At the final hearing, if you have legal representation it is normal to engage a barrister; however, it is possible for a solicitor to argue your case, or indeed for you to do it yourself.  The court is taken first through your application forms, any statements, and then each side’s key arguments.

All parties then give evidence, first the applicant and then the respondent, and then anyone else involved.  Before giving evidence, each witness needs to swear an oath (or affirm) that they will tell the truth.  When you give evidence your barrister, if you have one, starts by asking you questions, then you will be cross-examined by the other party’s barrister. The justices or judge can also ask questions.  If one or both sides don’t have legal representation, the court will ask questions along the lines that a barrister might otherwise have asked.  The same process applies to a CAFCASS officer and any expert.

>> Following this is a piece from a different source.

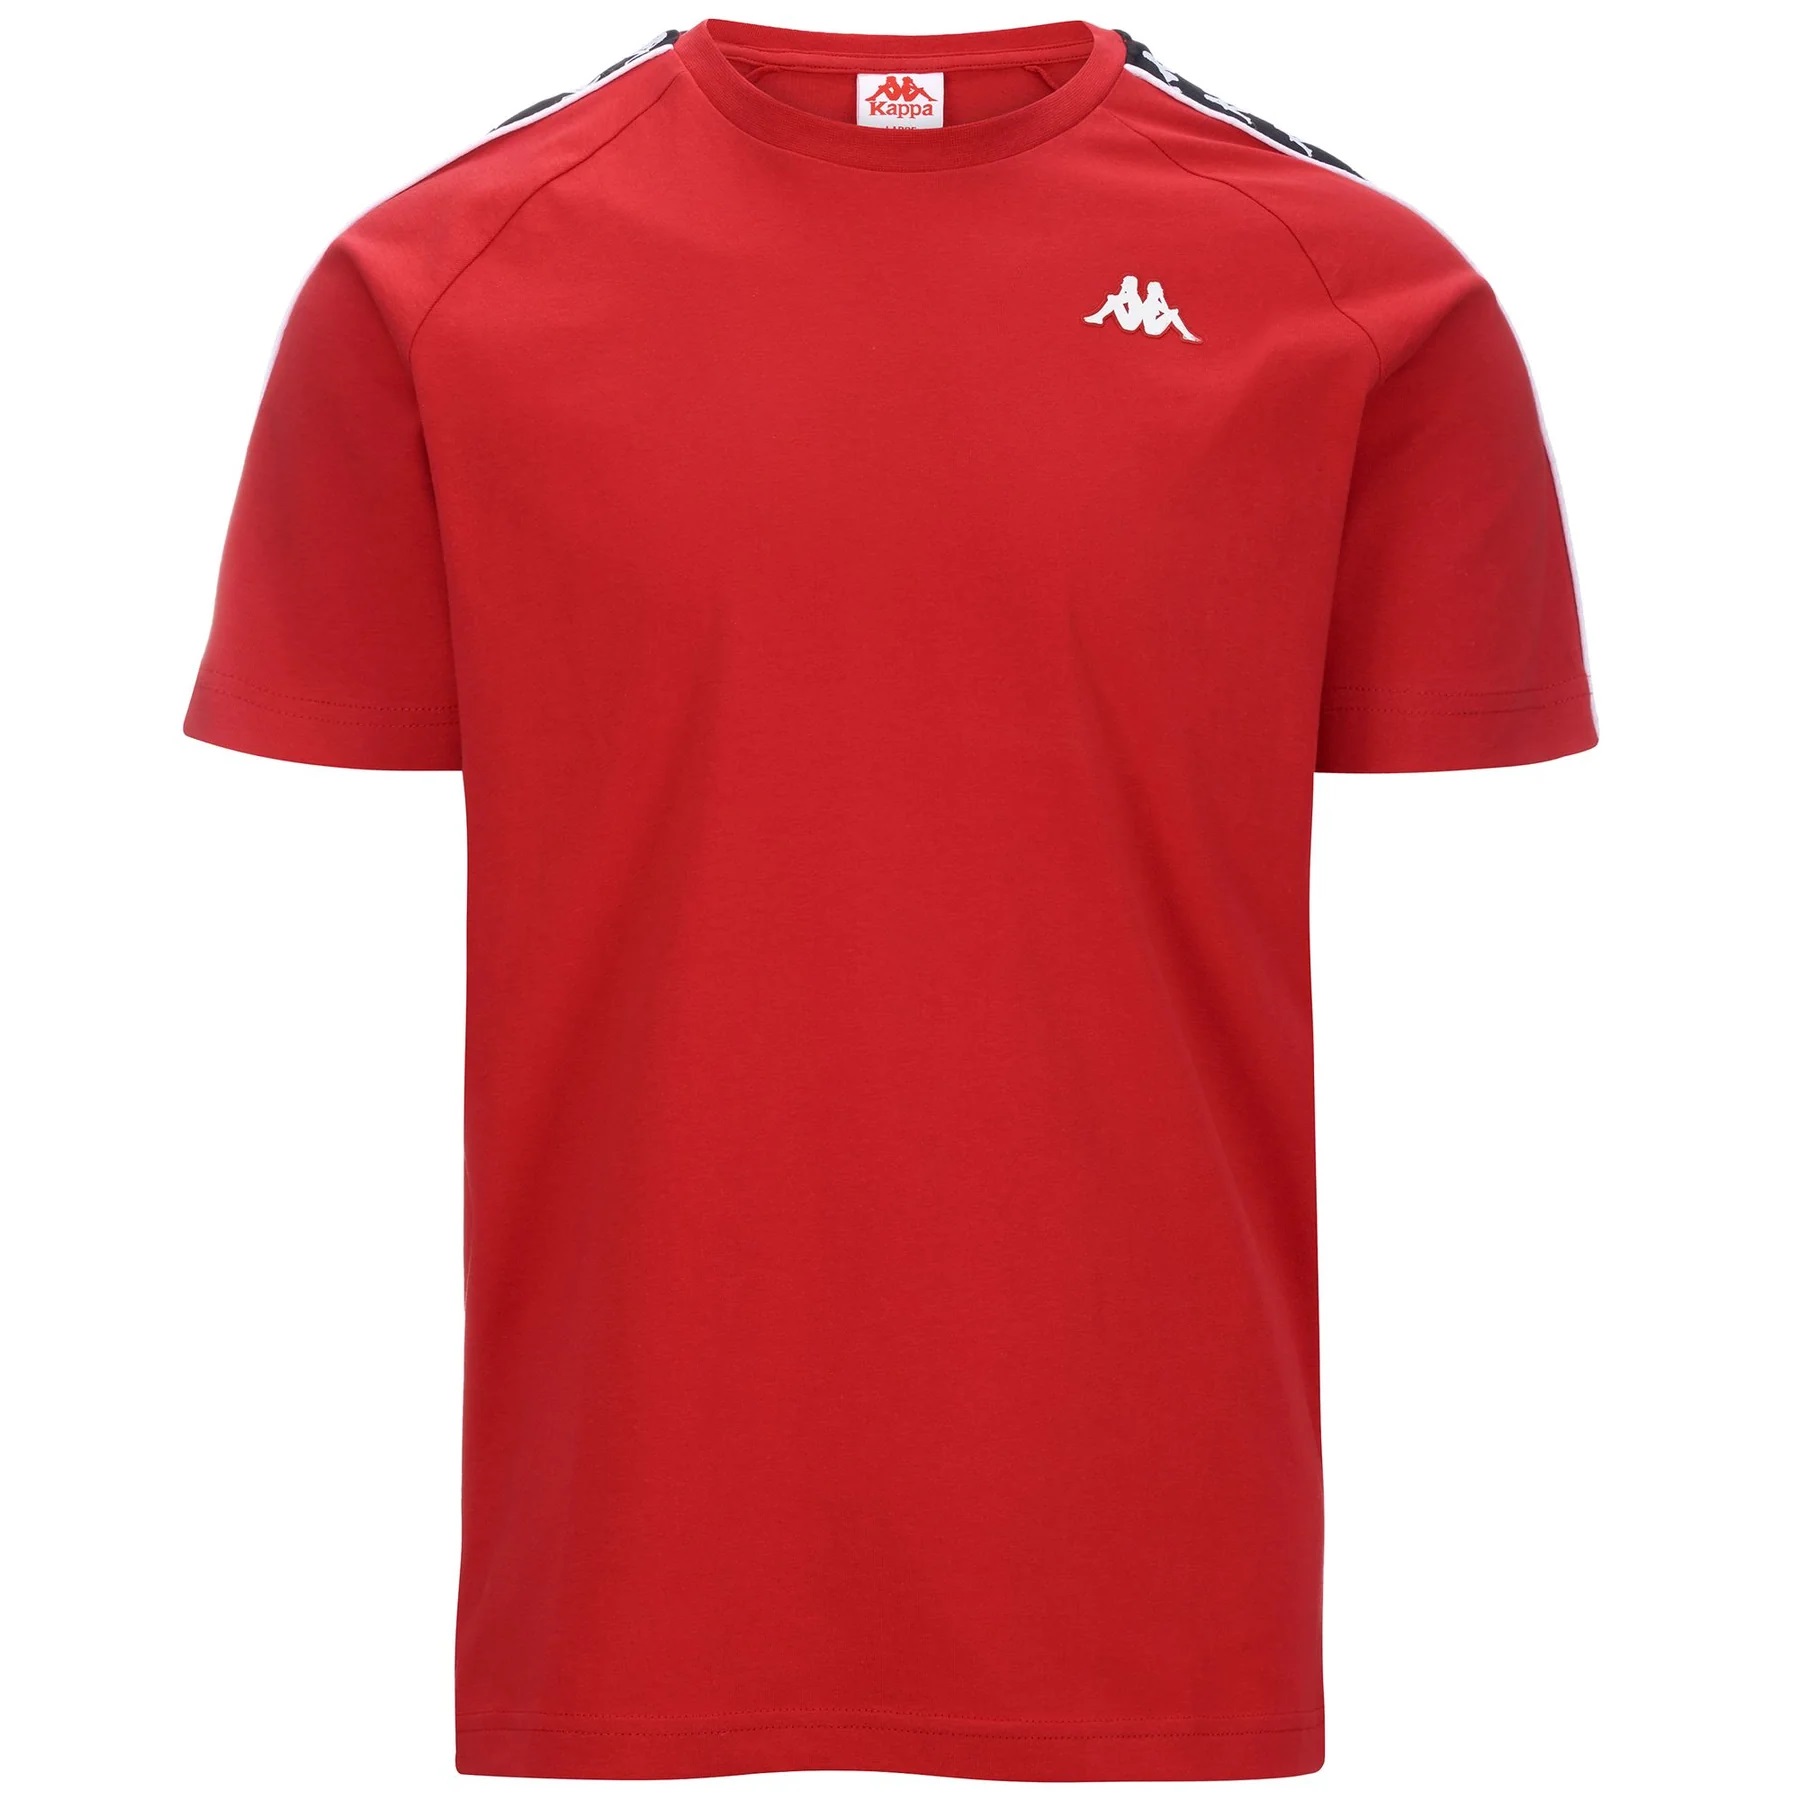 222 BANDA COEN SLIM tričko červená,černý pruh,bílé logo i proužky

After hearing evidence, the court will make its decision, usually giving the reasons for the judgment. Sometimes the reasons come later, particularly if the case is a complex one, but often it all happens on the same day.

The law

In coming to a decision, the paramount concern of the court is the child’s welfare.  The Children Act 1989 provides a list of considerations, which when taken together help guide the court in making a decision.  The checklist includes:

  • the wishes and feelings of the child concerned, in light of their age and understanding
  • the child’s physical, emotional and educational needs
  • the likely effect on the child if circumstances changed as a result of the court’s decision
  • the child’s age, sex, background and any other characteristics which will be relevant to the court’s decision
  • any harm the child has suffered or may be at risk of suffering
  • the capability of the child’s parents (or other relevant people) in meeting the child’s needs
  • the powers available to the court in the proceedings

The court must also be satisfied that making an order is better for the child than not making an order.

A word about costs

In court cases about children each side usually has to pay their own costs.  This is because the law does not view cases about children in the same way as commercial cases with winners and losers.  If one party has tried to mislead the court or conducts the litigation in an inappropriate way the court might order that party to pay all or part of the other party’s costs, but this is very rare.

The costs of going to court may be significant; that’s why everyone involved should give serious thought to alternative methods for resolving the dispute, such as mediation or collaborative law.